Objective: To genetically modify dendritic cells (DC) with a tumor associated antigen gene MAGE-1 and to observe in vitro the cytotoxic effect induced by this genetically modified DC against human hepatocellular carcinoma (HCC) cell line SMMC7721, thus giving a primary verification of the possibility of this genetically modified DC to induce specific antitumor immunity against HCC and serving as a new type of vaccine.
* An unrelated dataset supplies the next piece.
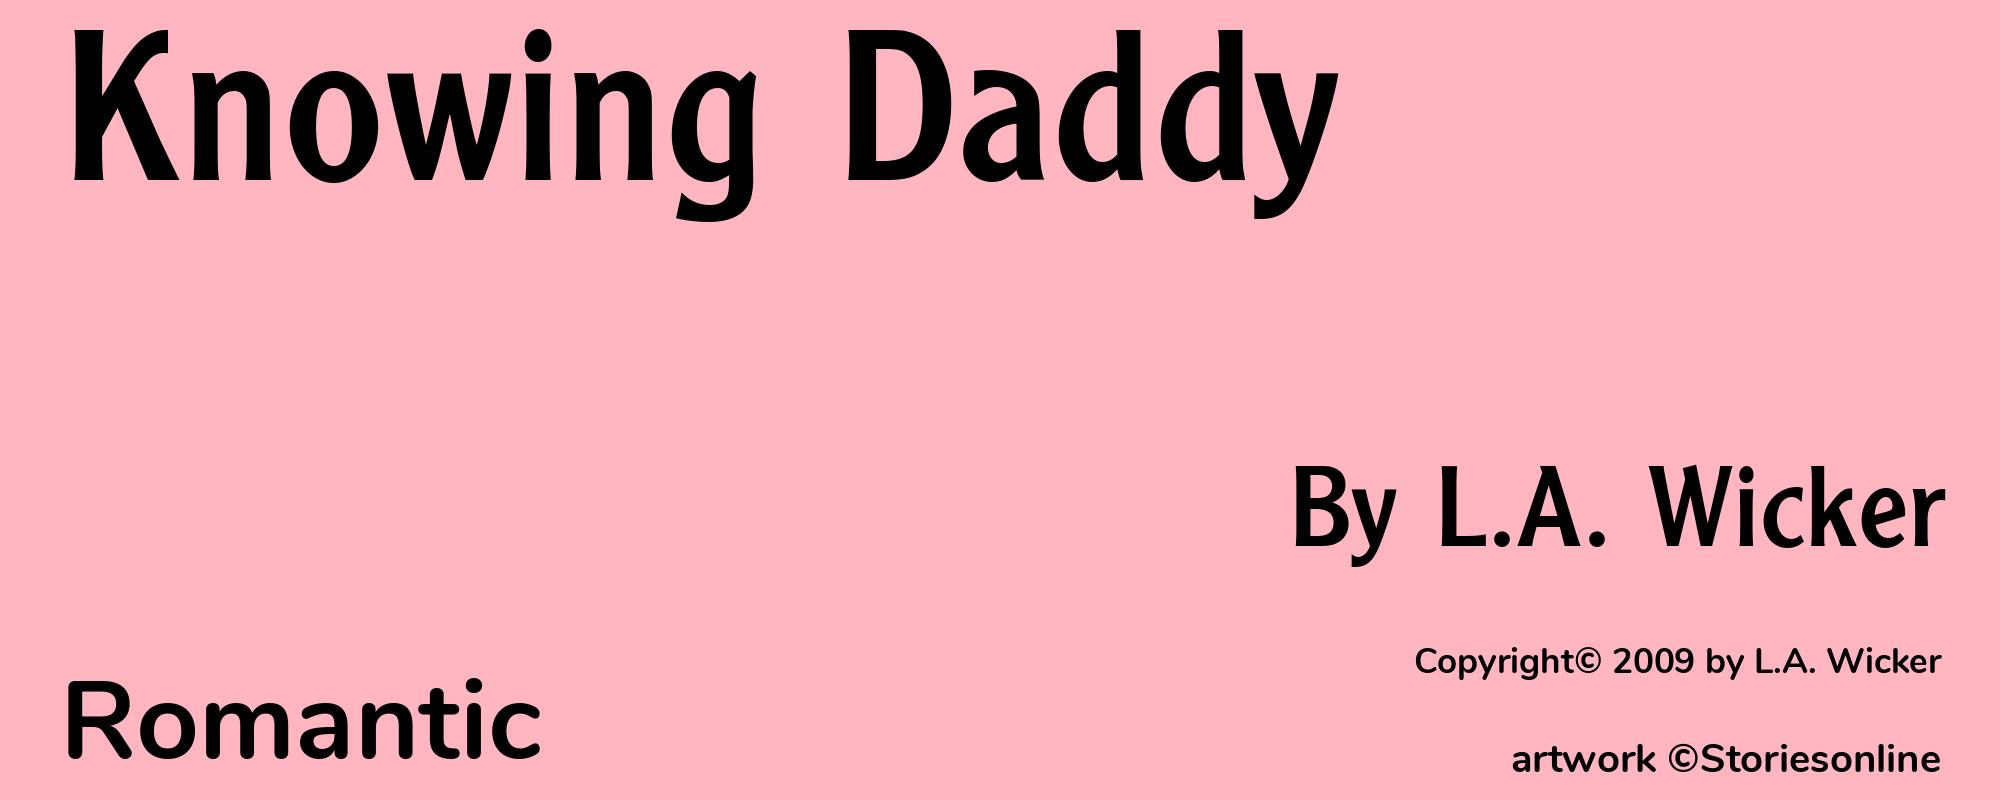 Knowing Daddy - Cover

Methods: The MAGE-1 gene was inserted into the retrovirus vector LXSN to construct the recombinant retrovirus LMSN. The monocyte-derived DCs were transfected by LMSN and control virus LXSN respectively as well as a third group was set up as non-transfected control. The MAGE-1 gene expression in LMSN transfected DC was identified by Western blot and the in vitro cytotoxities against SMMC7721 induced by three groups of DC were tested by MTT assay.
Results: A recombinant retrovirus LMSN containing the tumor rejection antigen gene MAGE-1 was successfully constructed and the MAGE-1 gene expression in LMSN transfected human monocyte-derived DC was induced. The LMSN transfected DC could induce very high lytic activity against SMMC7721 in vitro with the lytic activity of 78.9%+/-3.6%. Nevertheless, the LXSN transfected DC and non-transfected DC only induced relatively lower lytic activity as 34.7%+/-4.3% and 3.9%+/-2.0%, respectively. The difference of the lytic activities between those three groups as statistically significant (P<0.01).
Conclusions: The MAGE-1 gene transfected DC can induce higher in vitro cytotoxicity against SMMC7721, suggesting the possibility of this genetically modified DC to induce specific antitumor activity and to serve as a new type of vaccine for HCC.